On April 21, Pasquotank County sheriff’s deputies shot and killed Andrew Brown Jr. Since that date, Emancipate NC staff members, Board, and Justice League Fellows have been on the ground–protesting, bailing out arrested people, coordinating with NLG Legal Observers, and providing material support.
Executive Director Dawn Blagrove and Board Member Kristie Puckett-Williams were arrested.
Brown, a Black man, was sitting in his car when officers shot him four times in the arm and once in the back of the head (according to an independent autopsy on behalf of Brown’s family).
Protests in Elizabeth City have been ongoing since Brown’s death. Family members, friends, and other grieving community members are calling for justice and transparency. The body camera footage has not been released as of May 11.
The Elizabeth City police and county government are responding with excessively restrictive measures to curb and discourage protesting. Mayor Bettie Parker declared a state of emergency, instituted a curfew between 8:00 p.m. and 6:00 a.m, and implemented a policy that requires protesters to apply for a permit to assemble at least 15 days before a gathering. (The curfew has since been shortened; it is now from 12:00 a.m. to 6:00 a.m.) These measures violate the constitutional rights of protesters and Elizabeth City residents. All of these actions have been taken despite the peaceful nature of the protests. A video by Emancipate NC’s Kerwin Pittman shows protesters near Camden Bridge in Elizabeth City.

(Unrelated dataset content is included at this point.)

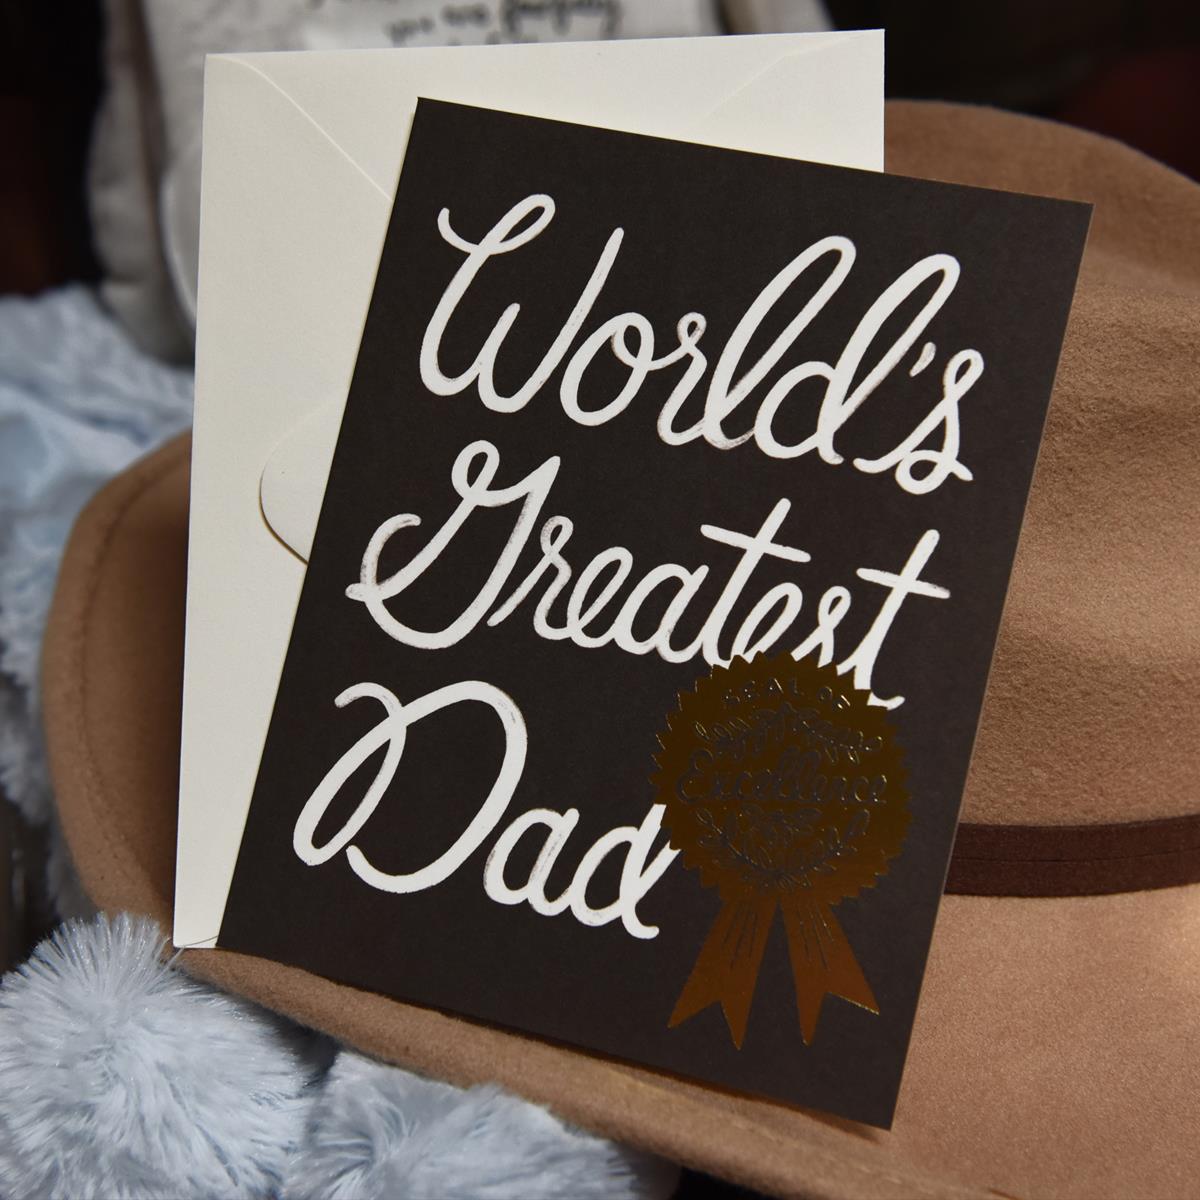 World's Greatest Dad Card

According to Elizabeth City police, many protesters were undeterred by the curfew. Police have responded by arresting peaceful protesters. Jon Farina, a journalist, was also threatened with arrest while reporting at the scene.

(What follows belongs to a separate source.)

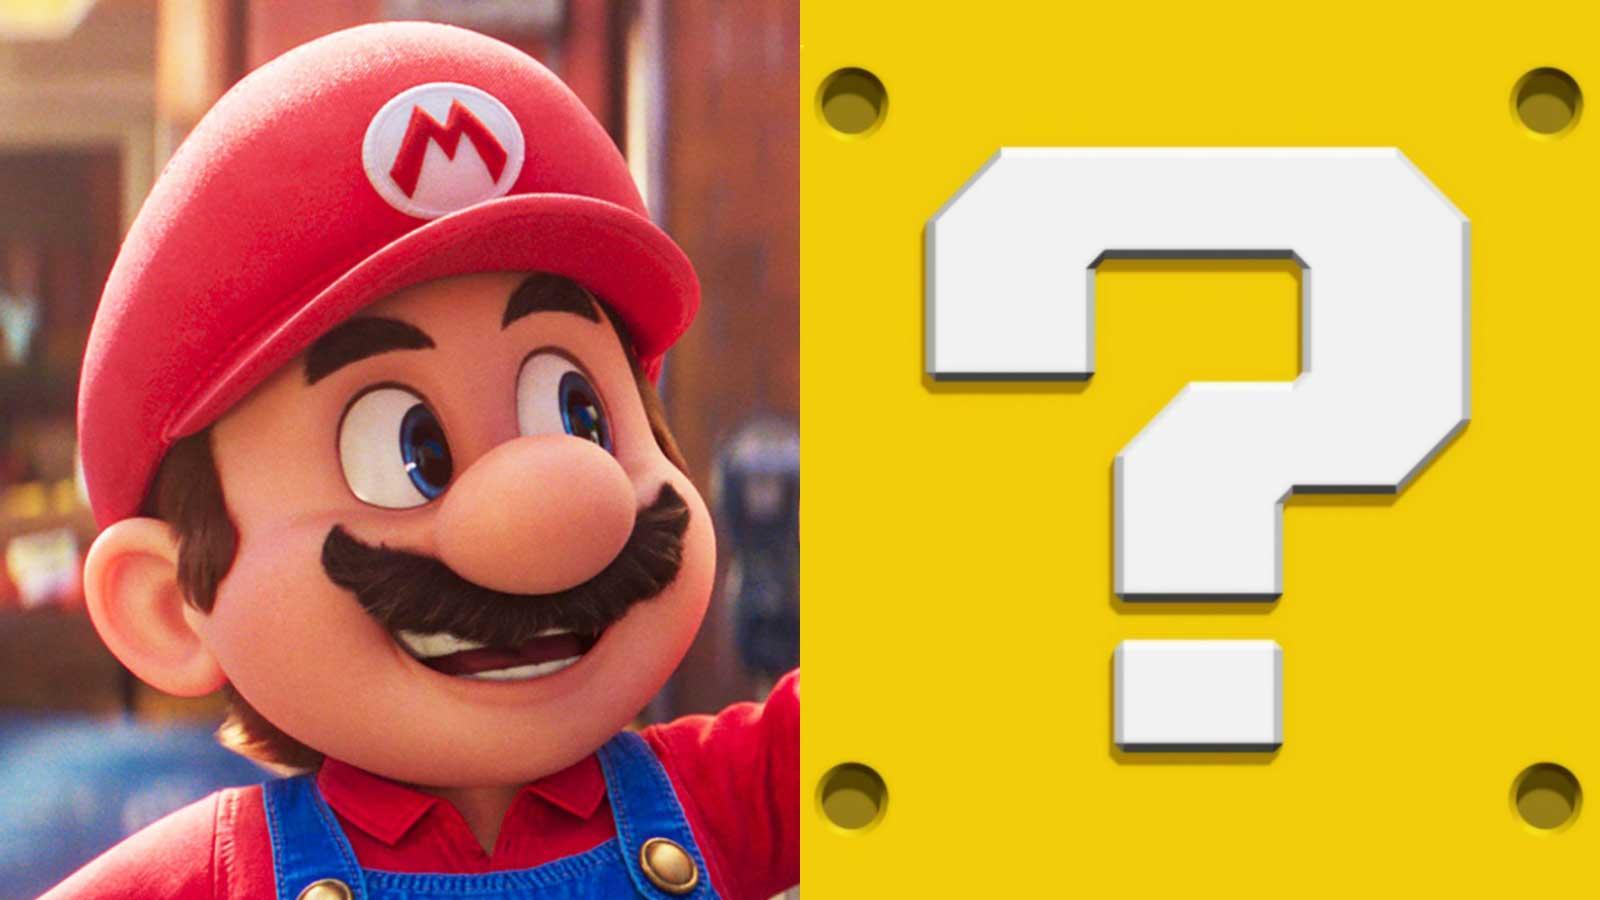 Mario looking at Question box from Mario

This response by Elizabeth City government and law enforcement is unwarranted and unconstitutional. Emancipate NC, with ACLU of North Carolina and the Lawyers’ Committee for Civil Rights Under Law, wrote a letter to Mayor Bettie Parker, Police Chief Eddie Buffaloe, City Manager Montré Freeman, Assistant City Manager Angela Judge, and City Attorney William H. Morgan, Jr. detailing the unconstitutionality of the curfew and the permit policy and the inappropriate designation of peaceful protest as an “emergency.”
The letter notes that it is “deeply troubling that this permitting scheme was implemented in direct response to protests decrying the killing Andrew Brown Jr. at the hands of police. This suggests that the permitting scheme is not viewpoint- and content-neutral in origin, as required by the Constitution. There was no ‘emergency’ justifying the imposition of a permit or notice requirement on demonstrators. The circumstances around the City’s hasty adoption of a sweeping permitting scheme raise concerns that it will be enforced most vigorously against people participating in protests that convey messages that government officials deem offensive or disagreeable.”
Elizabeth City is a community in mourning.
“This is a small community,” Blagrove is quoted in a recent Slate article, “Very few of [the protesters] do not know Andrew Brown or someone connected to his family personally, and their pain is compounded by the fact that their officials and county commissioners have taken such an antagonistic position toward transparency, toward the community.”